A proposta conjunta da União Europeia e do Brasil que sinaliza uma nova abordagem para impor limites a subsídios agrícolas domésticos provoca divergências entre autoridades agrícolas do bloco europeu, o que ilustra a dificuldade do tema. Um documento foi apresentado pelos parceiros com um mês de atraso em relação ao prazo inicialmente previsto, justamente para que a Comissão Europeia, o braço executivo da UE, tivesse mais tempo para buscar um consenso entre os países em um comitê de comércio do bloco.

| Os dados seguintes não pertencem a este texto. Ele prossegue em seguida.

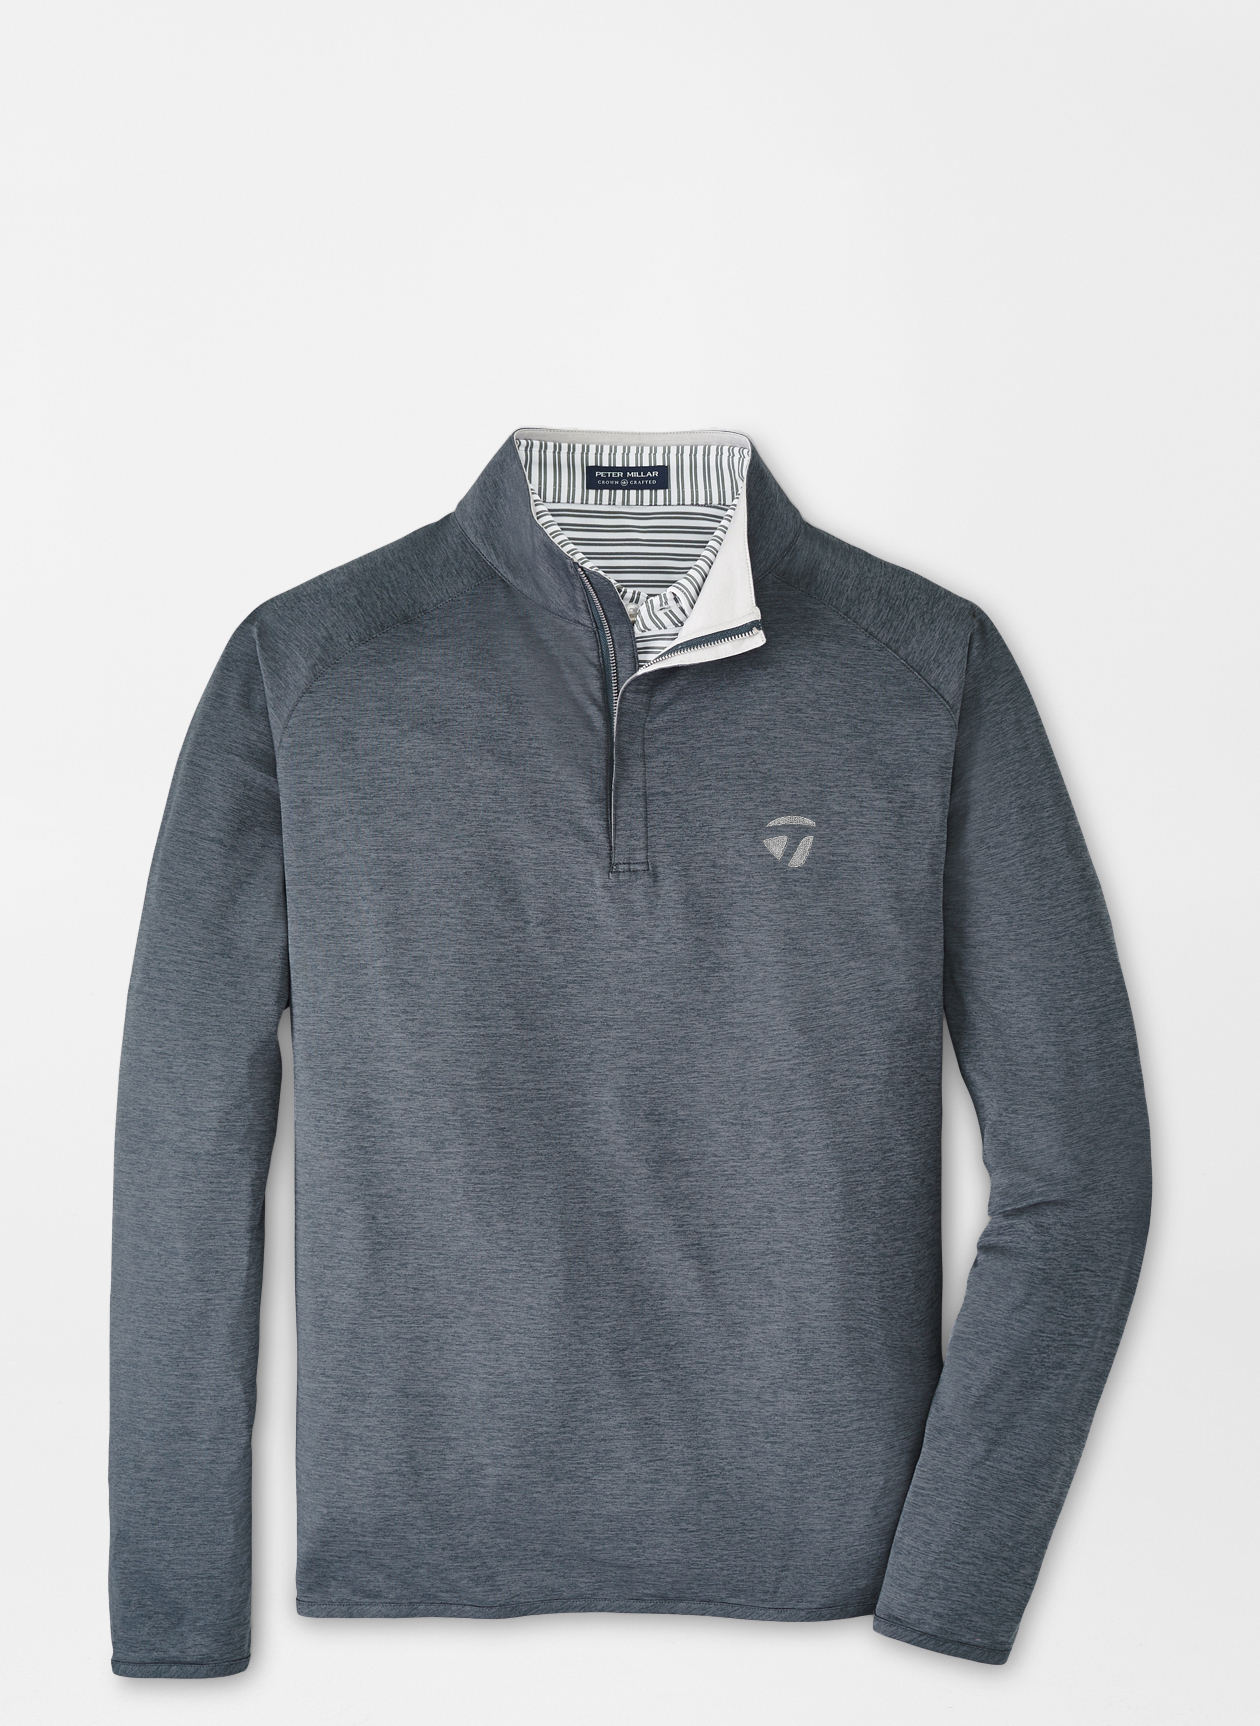 Crown Crafted Stealth Performance Quarter-Zip

Mas na segunda-feira, ao mesmo tempo em que o texto era anunciado na Organização Mundial do Comércio (OMC), em Bruxelas, mais da metade dos ministros de Agricultura dos 28 países-membros da UE mostraram sua resistência e descontentamento. Pela proposta, os países se comprometeriam a passar a oferecer subsídios capazes de distorcer o comércio num percentual do valor de sua produção agrícola. Ou seja, o plano coloca os países em situação de igualdade em termos da intensidade da subvenção e diminui os apoios atualmente concedidos.
O documento também sugere regulamentar o uso de estoques públicos, reduzindo o impacto negativo nos preços internacionais. E contempla uma proposta específica para o algodão, visando fixar um limite máximo de aporte de subsídios ao produto para evitar prejuízos aos países em desenvolvimento – sobretudo os menos desenvolvidos, afetados pelas medidas de apoio interno dos países desenvolvidos.

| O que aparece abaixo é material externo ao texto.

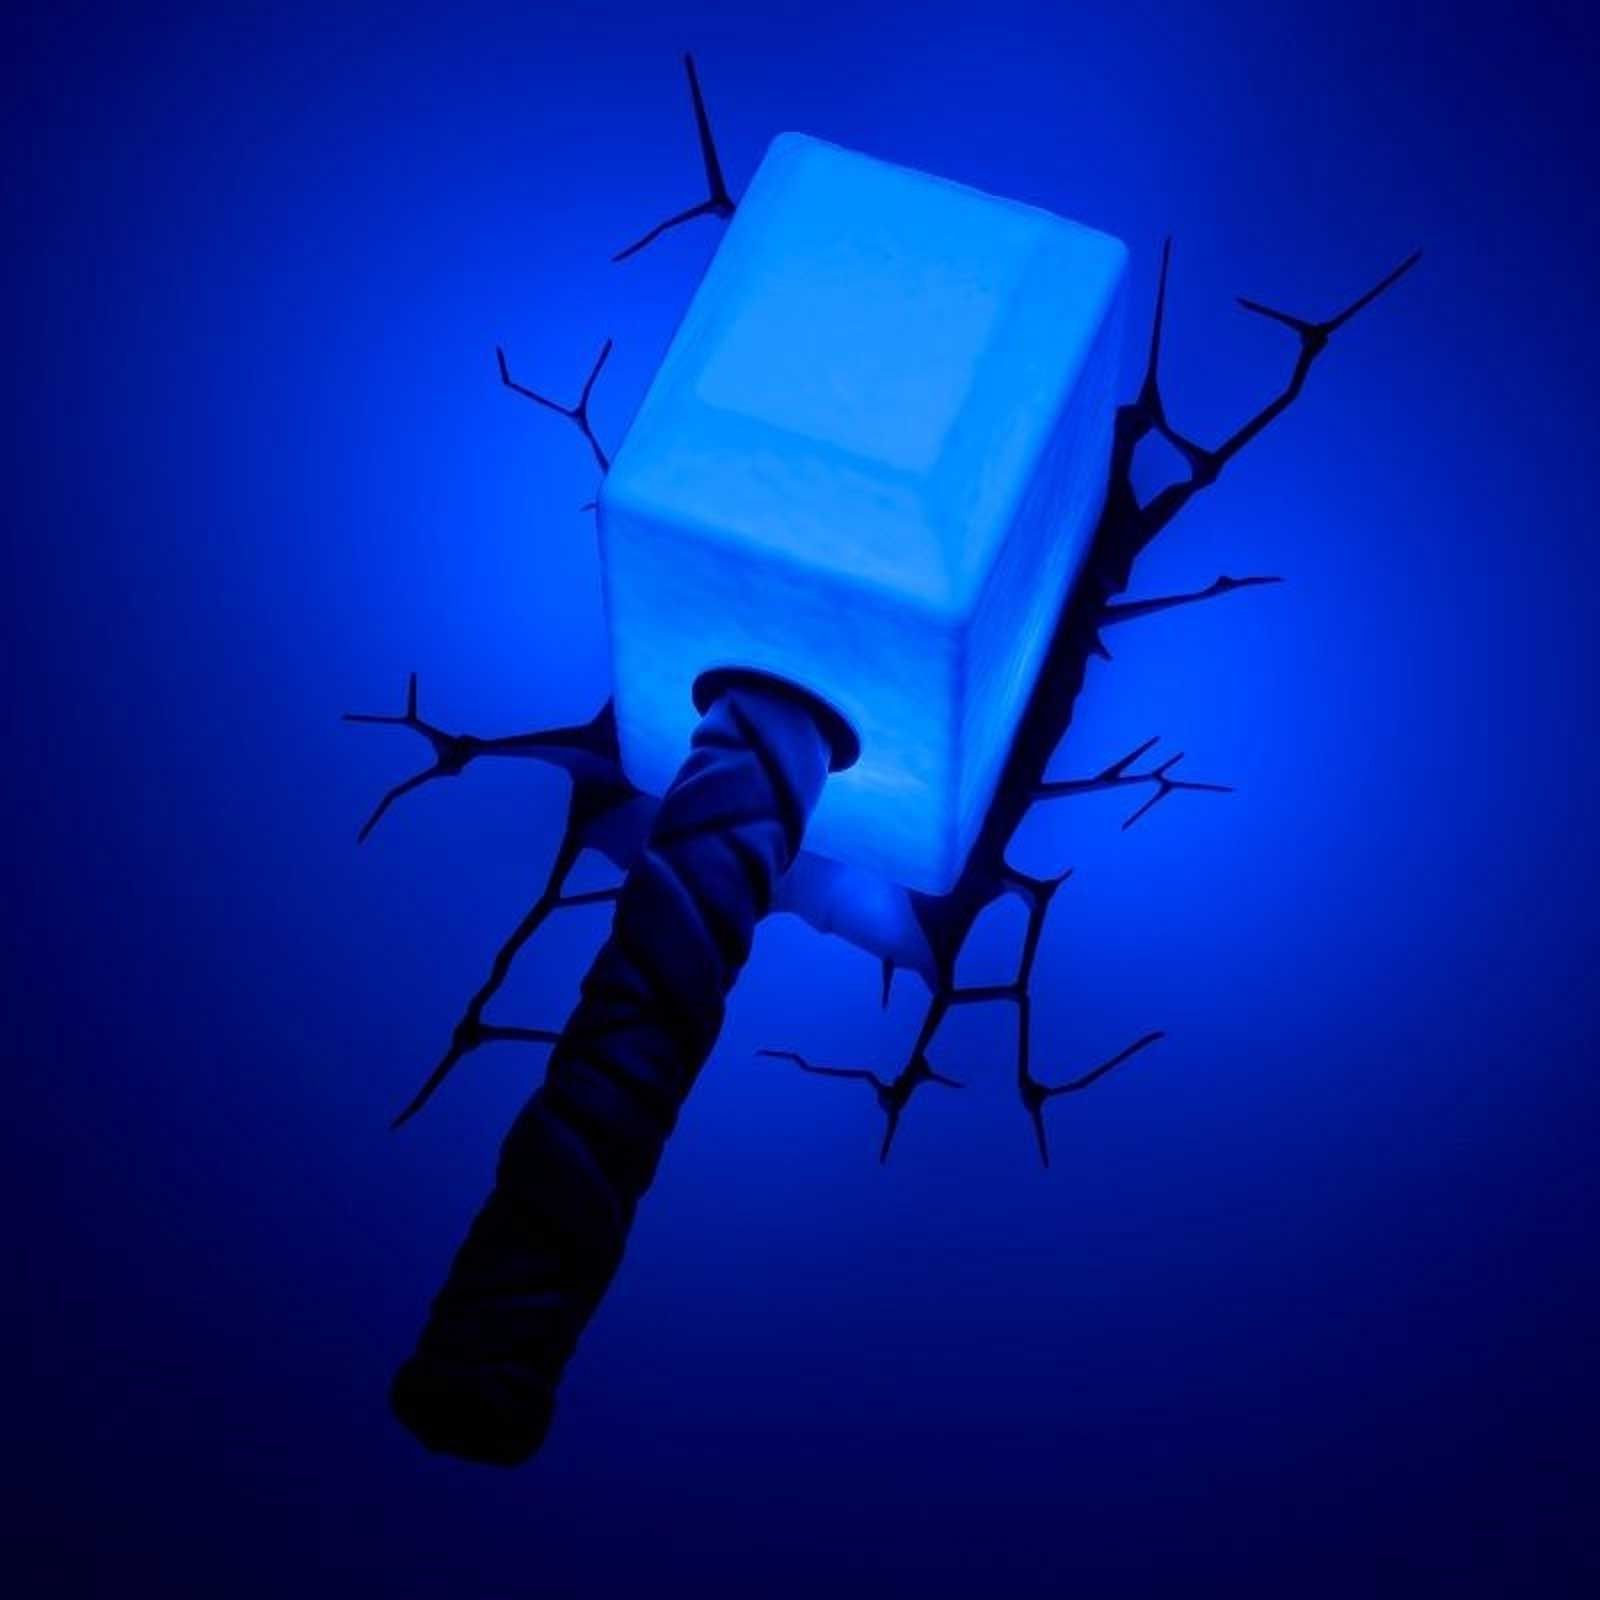 Well Known The Avengers 3d Wall Art Nightlight – Thor Hammer (View 14 of 15)

Na reunião de Bruxelas da UE, mais da metade dos ministros de Agricultura, liderados pela França, não contestaram a cooperação com o Brasil, e sim o que veem como risco de a proposta condicionar a reforma da Política Agrícola Comum em 2020. A principal inquietação, que vem também de países do Leste Europeu, envolve os limites da “caixa azul”, que inclui as ajudas ligadas a programas de controlo da oferta e hoje está isenta de compromissos de redução da produção. Para os opositores, a UE precisa ter uma “margem de manobra”.
Países liberais tradicionais, como Suécia e Holanda, foram enfáticos na defesa de um comércio mais livre e na iniciativa da UE de tomar a liderança com o Brasil nas discussões agrícolas na OMC. A discussão ilustra diferentes posturas dos próprios europeus, com ministros de Comércio mais ofensivos e autoridades agrícolas tratando de atender sua clientela protecionista de sempre. Não é isso que vai impedir a negociação do texto na OMC, mas pode limitar o espaço da UE nas barganhas.
Pedro de Camargo Neto, vice-presidente da Sociedade Rural Brasileira (SRB), considera a proposta melhor para a UE do que para o Brasil. “Fixar um limite com base em um percentual da produção [para subsídio] pode parecer bom, mas não vejo possivel esse limite ser baixo (…) E ficou faltando limites por produto. Um limite da producao geral jogado em alguns produtos específicos pode ser muito ruim para o Brasil”.
Segundo ele, para o Brasil interessa limitar a concorrência com os principais produtos de exportação. “Toda a proposta não fixa a atenção na concorrência desleal que as exportações do Brasil sofrem”. Em sua análise, parceria com a UE deu certo em Nairobi, na última conferência da OMC, quando foi feito um acordo para a eliminação de subsídios à exportação agrícola. Para a conferência em Buenos Aires, disse, os europeus não são os parceiros certos.
O adido agrícola do Brasil em Genebra, Luís Henrique Barbosa, reconhece que não foi possível atingir a proposta ideal, mas disse que o documento reflete um pacote considerado factível pelo governo brasileiro no atual contexto econômico mundial. Ele destaca que, mesmo se a proposta for aprovada em Buenos Aires, “o Brasil continuará trabalhando para que a liberalização do comércio de produtos agrícolas alcance níveis satisfatórios”.